::: Data below
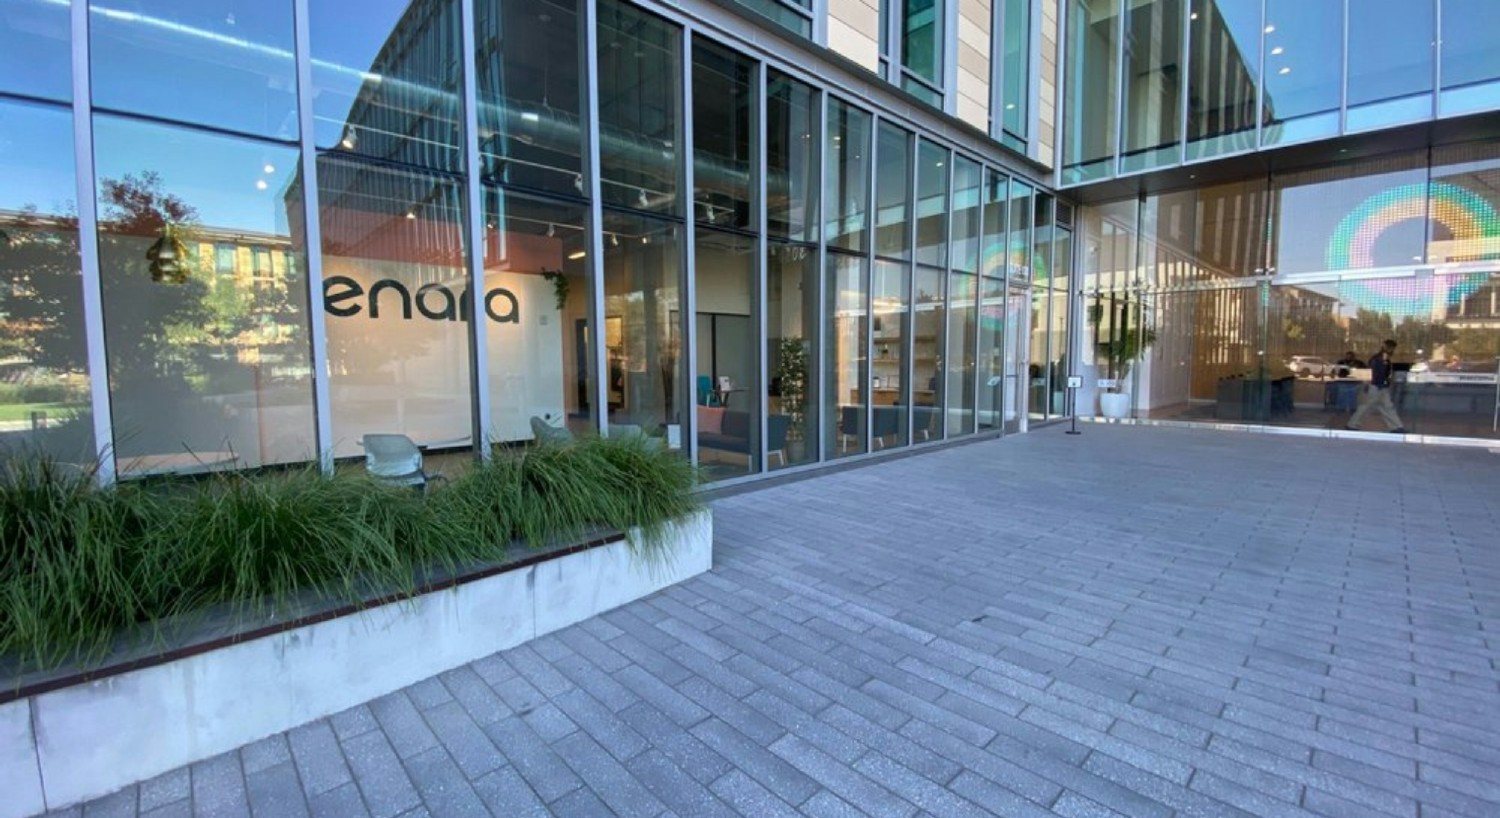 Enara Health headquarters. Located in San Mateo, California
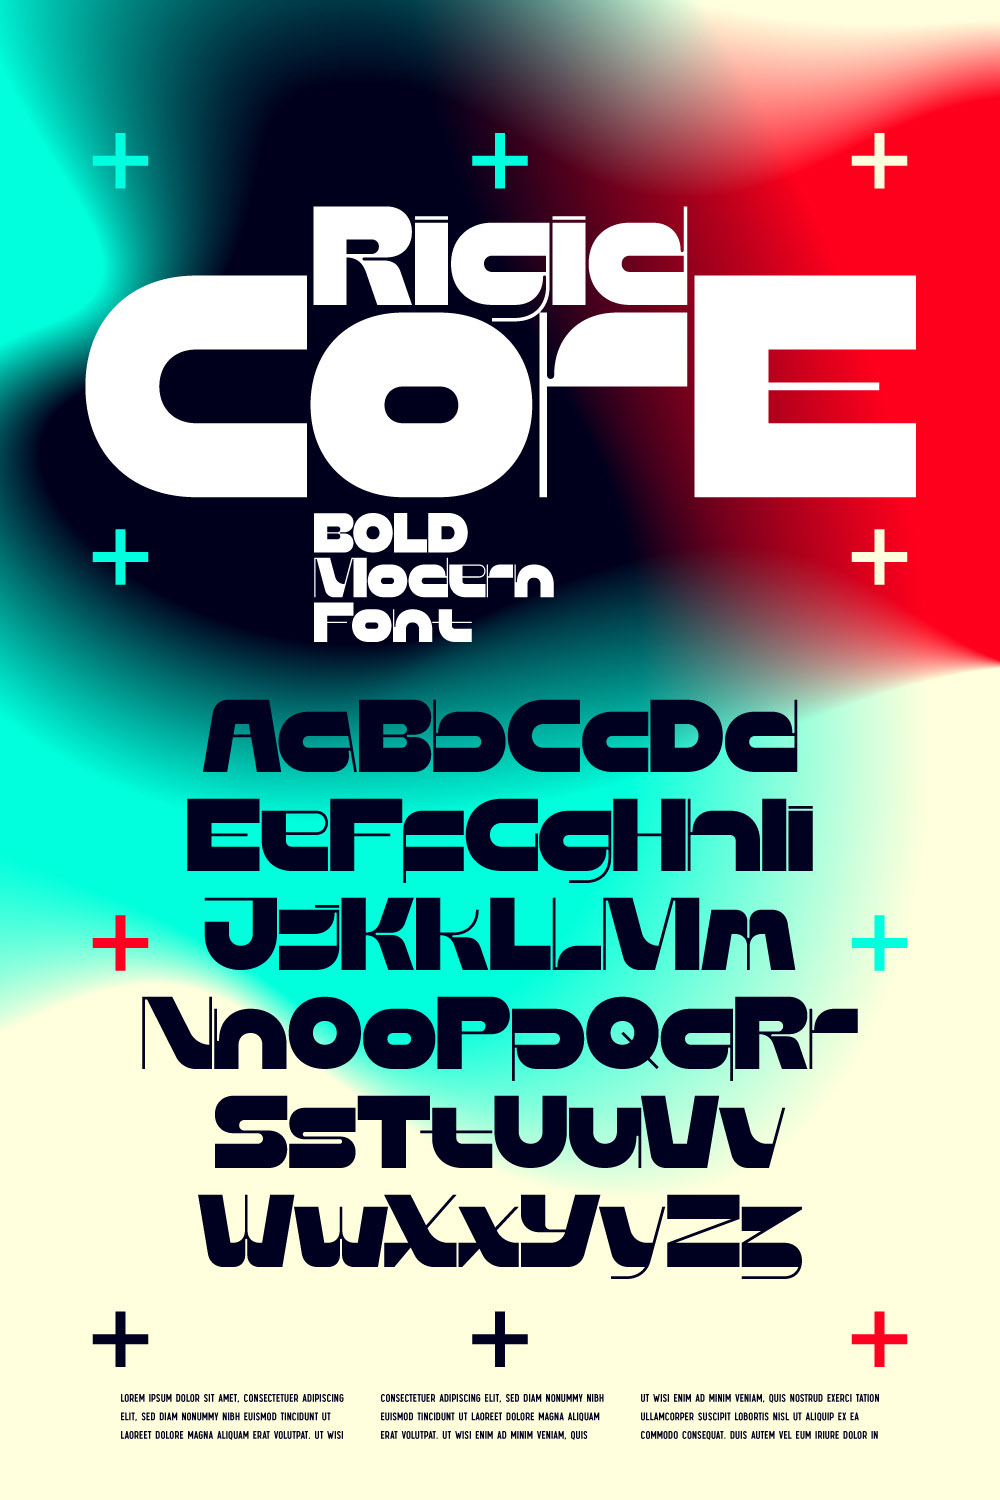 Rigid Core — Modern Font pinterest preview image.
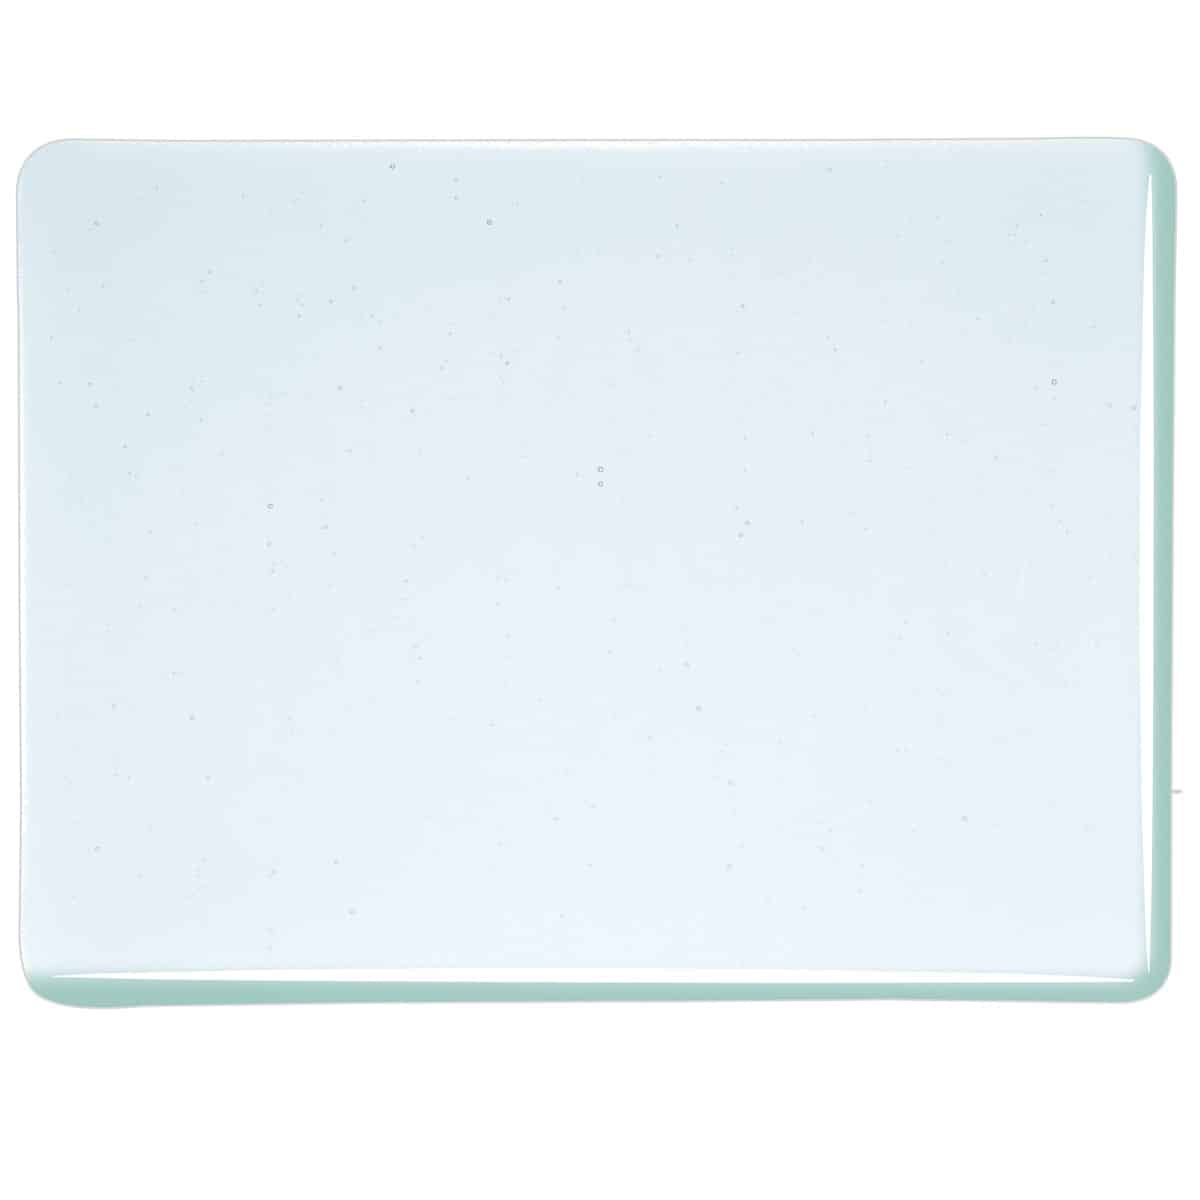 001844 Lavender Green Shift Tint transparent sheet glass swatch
::::::
--- Task to complete ---
Set down each line of the material exactly and skip every image.

--- Result of this task ---
 Enara Health headquarters. Located in San Mateo, California
 Rigid Core — Modern Font pinterest preview image.
 001844 Lavender Green Shift Tint transparent sheet glass swatch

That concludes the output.